# Repairing a lockable water filler cap



## andrewball1000 (Oct 16, 2009)

My cap, like many others, had seized making it impossible to lock. This didn't bother me till I realised that the rubber washer was not seating and letting water out / air in.

Buying a replacement would mean that I had yet another key, so last night I had a go at dismantling the cap. The following are some pics of how to get in and what to do when you do.

Blunt table knives make excellent tyre levers. The first can be inserted with a slight twist, followed by 2 others. One can then be dragged round and the cover pops off to reveal the components.


----------



## teemyob (Nov 22, 2005)

*Info*

Thanks for the info and taking the time to put the photos up.

TM


----------



## Morphology (Jul 23, 2010)

So, once you've got it apart, then what?

Do you simply clean and lubricate all the parts and re-assemble?

Morph.


----------



## andrewball1000 (Oct 16, 2009)

What To Do When You get Inside.

The Central column, that holds the lock barrel, has a cam/lever that extends to locate in the actuating cone and stops the cap from spinning. This allows the cap to be put on or removed. When the key is locked the cam retracts and the cap spins so it cant be removed.

The jamming problems on mine were caused by distortions in the central column. I used a craft knife to remove some, then a flat needle file on both the barrel and the cogs on the actuating cone.

I used a soft pencil on the surfaces as both a marker to show where it was jamming. Graphite also acts as a dry lubricant. When testing the fit, it is best to retract the cam so you can turn the two surfaces together. Leave it extended when pushing the actuating cone against the spring to test high spots there.


----------



## andrewball1000 (Oct 16, 2009)

More pics. 
Assembly is reverse of previous.
I now have a working, lockable filler cap with the same key as all the others.


----------



## Morphology (Jul 23, 2010)

Ha! I knew I should have waited.
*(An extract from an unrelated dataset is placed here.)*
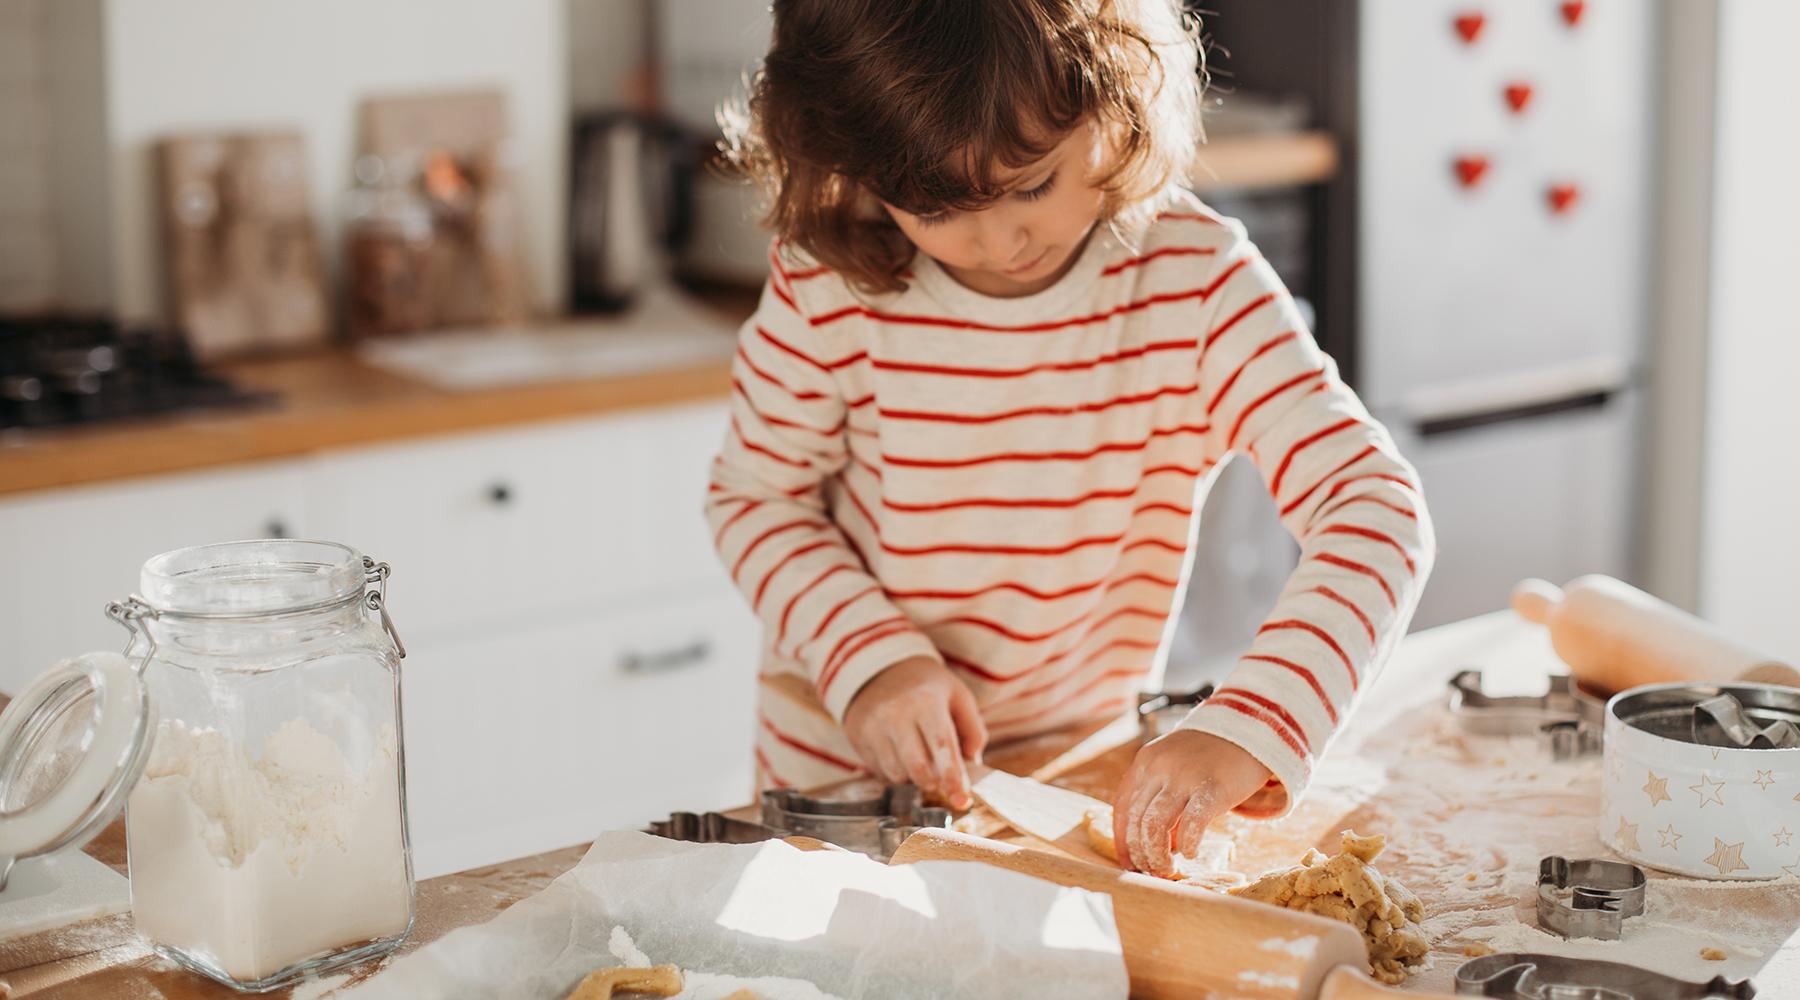 Joulutyöpaja on eniten mukavaa puuhastelua, mutta myös mahdollisuus valmistaa jotain hyödyllistä. Tässä on vinkkejä joulukoristeisiin ja persoonallisiin, itsetehtyihin lahjoihin, joiden tekoon myös lapset voivat hyvin osallistua.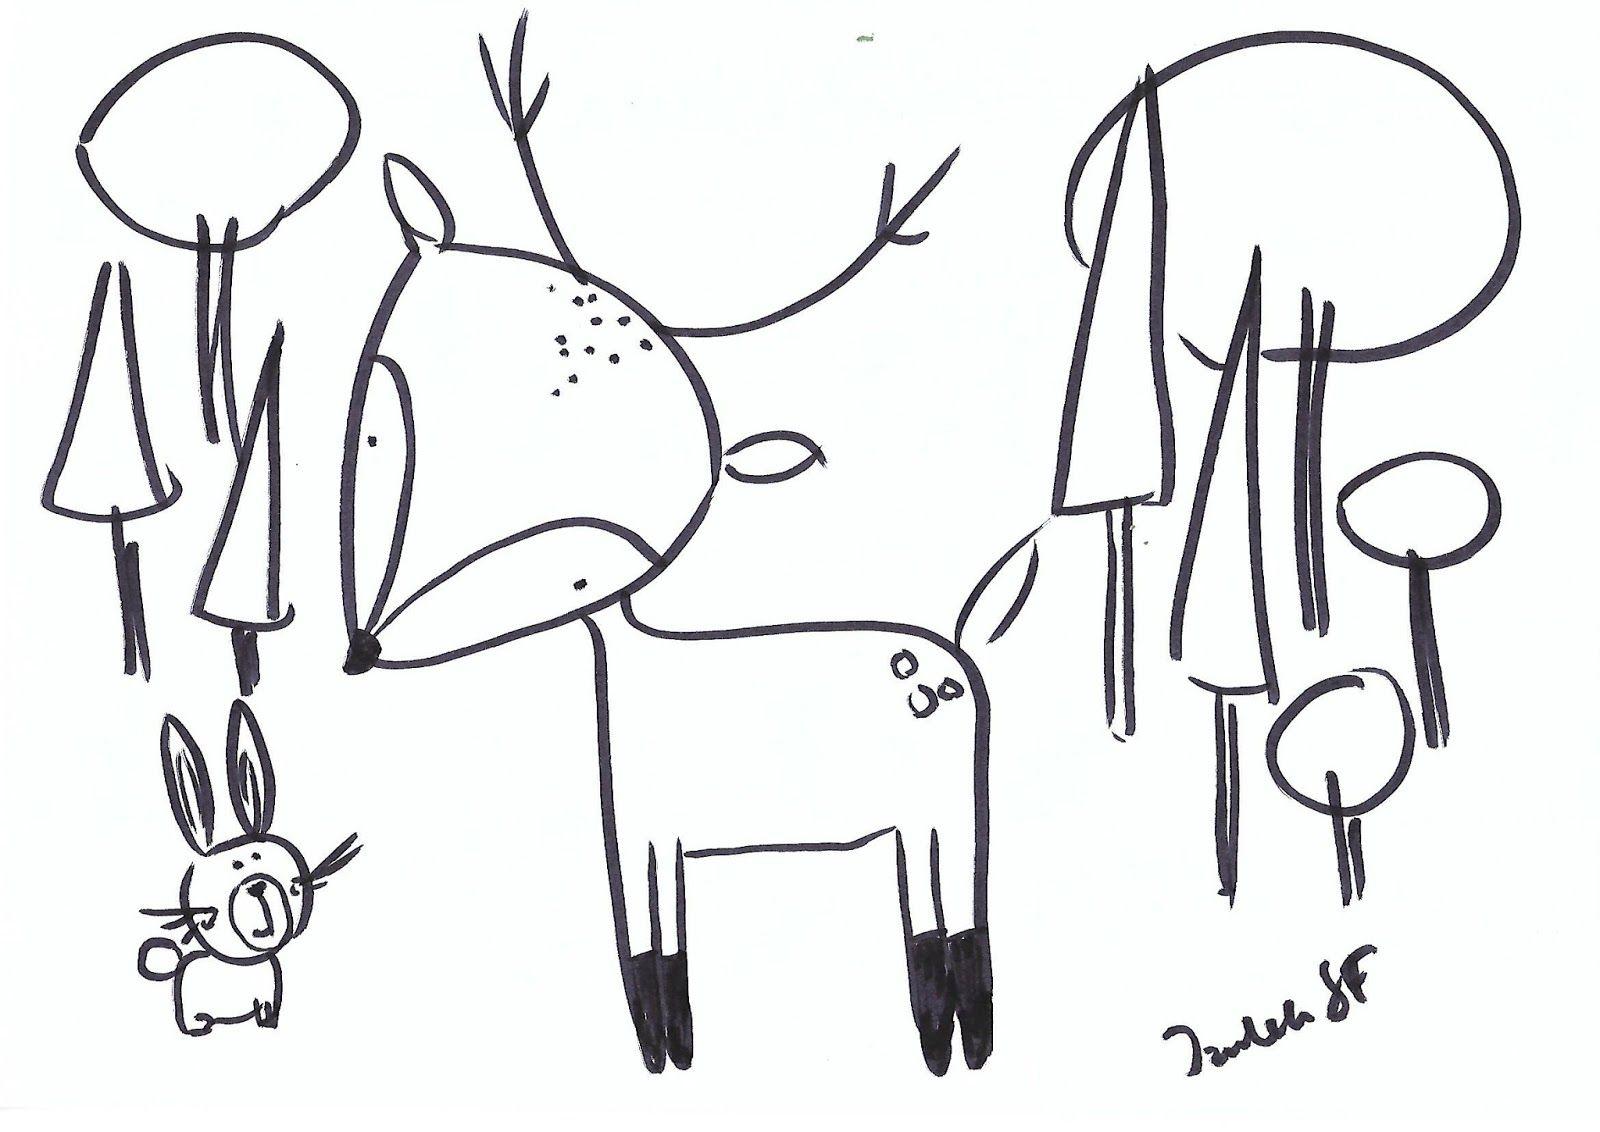 Znalezione Obrazy Dla Zapytania Jednorozec Kolorowanka Art Illustration Peace Gesture

Many thanks for the clear explanation.

I have exactly the same problem, so I'll have a play at some point.

Morph.


----------



## solly (May 1, 2005)

*repairing lockable filler cap*

Very usefull well presented post. thanks.
Now when can we all come to your place to ours fixed  :lol:


----------



## FoweyBoy (Dec 7, 2006)

If you had to, can you remove the old lock barrel and fit it to a new filler cap? My A/S Nuevo came with some spare lock barrels. I assume the converter buys a set of locks, all to the same key, and fits them in the various doors, fillers etc.


----------



## andrewball1000 (Oct 16, 2009)

FoweyBoy said:


> If you had to, can you remove the old lock barrel and fit it to a new filler cap? My A/S Nuevo came with some spare lock barrels. I assume the converter buys a set of locks, all to the same key, and fits them in the various doors, fillers etc.


I couldn't see any easy way to do this and wouldn't like to try. The lock barrel has got to go in from one end or the other. If from the outside I would expect a circlip or something, but then this would be easy for any thief to remove. I suspect it is inserted from the inside. If you look at the last two pics you will see an end cap which holds it all in. I have no idea how this is held or removed and replaced. Luckily I did not need to find out


----------



## FoweyBoy (Dec 7, 2006)

FoweyBoy said:


> If you had to, can you remove the old lock barrel and fit it to a new filler cap? My A/S Nuevo came with some spare lock barrels. I assume the converter buys a set of locks, all to the same key, and fits them in the various doors, fillers etc.


Update. I bought a replacement cap from Autosleepers and they explained how to fit the spare lock barrel.

See also : http://www.motorhomefacts.com/ftopict-131766-.html


----------



## brynric (Oct 17, 2009)

Some time ago I had this problem and asked around for a solution. Possibly the daftest idea was to boil the cap. It was also the cheapest so I tried it.
It worked.
I'm sure someone will come up with an explanation of why.


----------



## Techno100 (May 8, 2010)

Me too
In Winter the outer exposed skin of the cap contracts more than the inner skin until they bind together. Boiling water expands the parts enough that they come free again. Copious quantity of silicon spray helps to keep it free. In the warmer months it should not occur


----------



## DTPCHEMICALS (Jul 24, 2006)

Andrew I had this problem after a few months of buying our mh over seven years ago.
I could not unlock the cap.
I squirted silicone spray into the lock, around the steel edges not where the key goes.
Within a few minutes of jiggling the key it unlocked.
Surprisingly I have not had to do anything since.
Dave p


----------



## tude (Feb 9, 2008)

*Water cap*

There is a easier way put the cap in boiling water for 5 mins I've done it many times
Tude


----------



## zappy61 (May 1, 2005)

I lost mine when in France a couple of weeks ago, I put it somewhere safe after filling up and drove off without it. Had to make a temporary one till I got home. A new one from Autosleeper cost me £22 so I thought I better make sure I don't leave it behind again. A small length of cord from a roller blind and two stainless self tappers and it won't escape again, it keeps it clean too.

Graham


----------



## Techno100 (May 8, 2010)

My cap key is on my ignition key ring :wink: SO I CAN'T FORGET IT :lol:


----------



## Techno100 (May 8, 2010)

I just bought this which I use with a water stop connector on my hose. While filling the locking cap sits in the locker with my keys attached.


----------